Scientists have identified the first gene that is associated with a common childhood language disorder, known as specific language impairment (SLI). The gene – CNTNAP2 – has also been recently implicated in autism, and could represent a crucial genetic link between the two disorders.

"It has long been suspected that inherited factors play an important role in childhood language disorders," says Dr Simon Fisher, a Royal Society Research Fellow at the Wellcome Trust Centre, who led the research. "But this is the first time that we have been able to implicate variants of a specific gene in common forms of language impairment."

The trail to this new finding began with studies of another language-related gene, called FOXP2, previously found to be mutated in rare cases of a severe speech and language disorder. Versions of FOXP2 are found in many animals, including primates, birds, bats and mice. In birds, for example, it has been linked to song, in mice to learning of sequences of movement, and in bats it may relate to echo-location.

FOXP2 acts to regulate other genes in the brain, switching them on and off. Dr Fisher and colleagues began analysing human neurons grown in the laboratory in order to search for these target genes. They identified CNTNAP2 as a key part of the network.

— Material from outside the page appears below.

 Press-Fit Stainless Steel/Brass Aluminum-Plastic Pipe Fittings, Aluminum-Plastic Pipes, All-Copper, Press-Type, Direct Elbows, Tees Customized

Recent studies have also implicated CNTNAP2 in autism, a syndrome characterised by communication deficits, impaired social interaction, and repetitive behaviours. In particular, one investigation uncovered an association between variants of CNTNAP2 and delayed language development in children with autism.

"Our findings suggest that similar changes in the regulation or function of this gene could be involved in language deficits in both SLI and autism," says Dr Fisher. "This supports the emerging view that autism involves the convergence of a number of distinct problems underpinned by different genetic effects."